The author seems to think it’s a problem if mechanization replaces farm labor. But that seems like a good solution if indeed there are not enough Americans to do the work. Of course this would cost growers an initial investment in machinery, but it would help spare society as a whole the numerous costs of illegal immigration.

In any case, automation will be advancing throughout the economy in the near-future. According to some forecasts, nearly 40 percent of the jobs now done by people will be automated within the next ten to 15 years.  In that situation, immigration advocates will be hard-pressed to come up with any justification for mass immigration.

The author repeats the worn and bogus claim that we don’t have enough qualified people to fill available tech jobs. The truth is that companies prefer to hire foreigners on temporary visas because they can pay them less than Americans and can subject them harder working conditions. If there is a shortage of American tech workers, then why are nearly 75 percent of Americans with college degrees in tech and other STEM fields currently working in other occupations?

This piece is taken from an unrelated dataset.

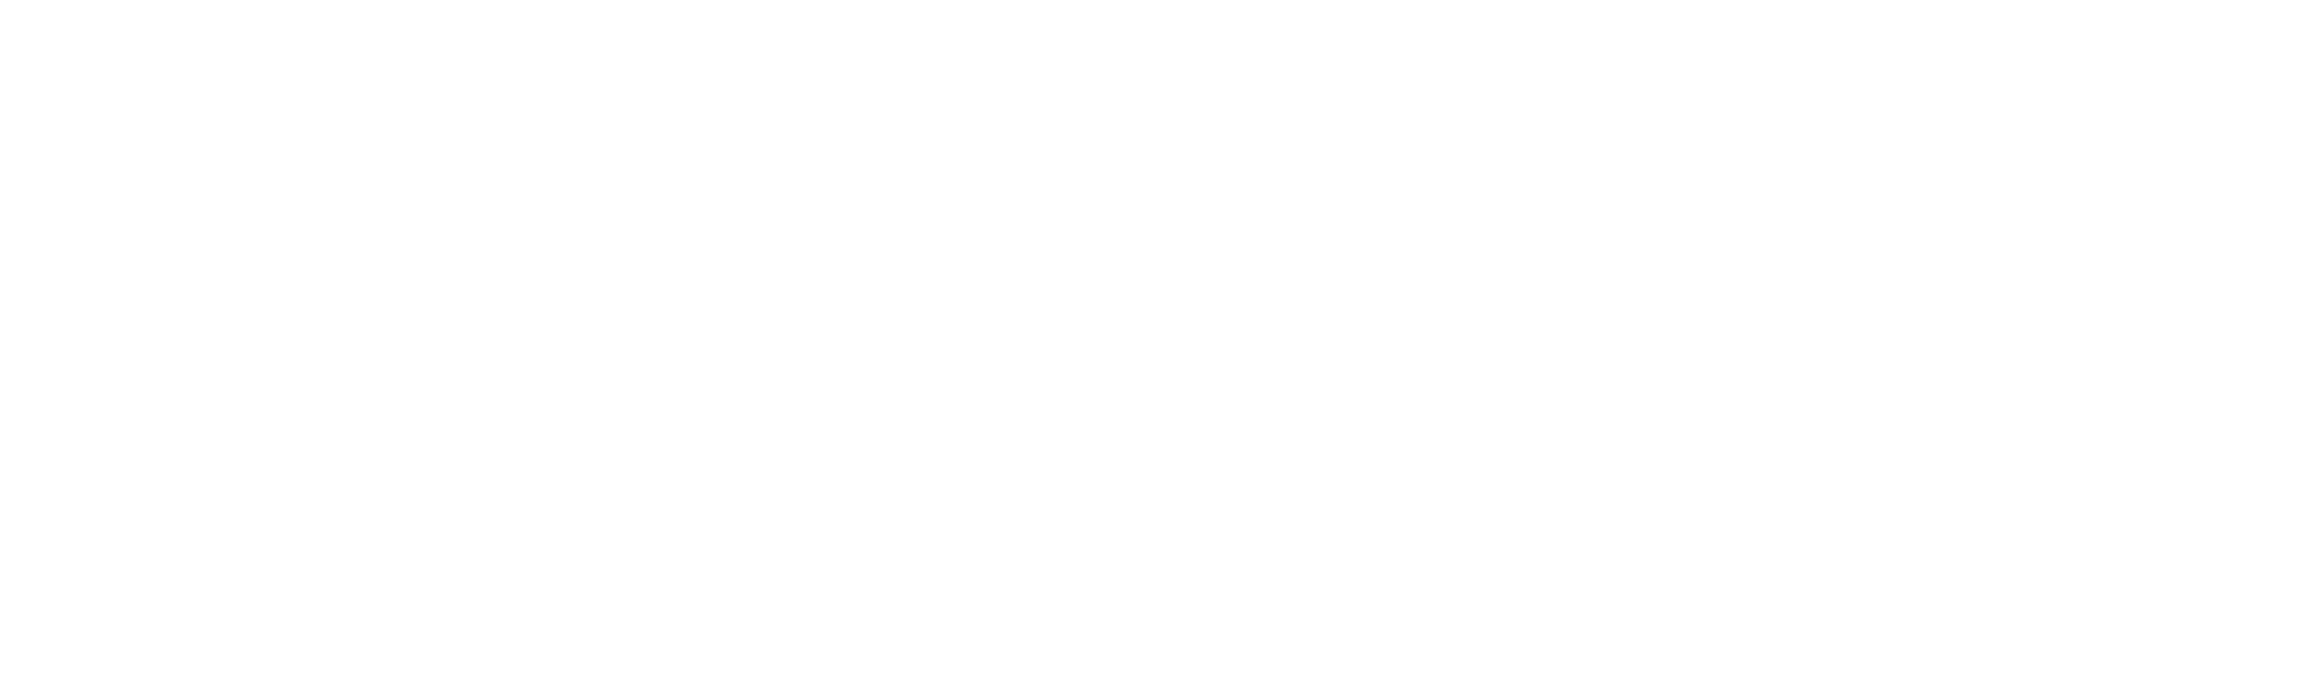 AD SAUNA BOX

This explains the supposedly low unemployment rate in tech. Qualified people are no longer trying to find work there.

Another relevant question to ask: If we really have a shortage of qualified tech workers, then why do tech companies often require U.S workers being terminated to train their foreign replacements? Obviously the people doing the training are more qualified than those being trained.

Whenever immigration advocates start talking about labor shortages, a grain of salt is strongly advised. The sources behind these claims are usually those of the cheap labor lobbies.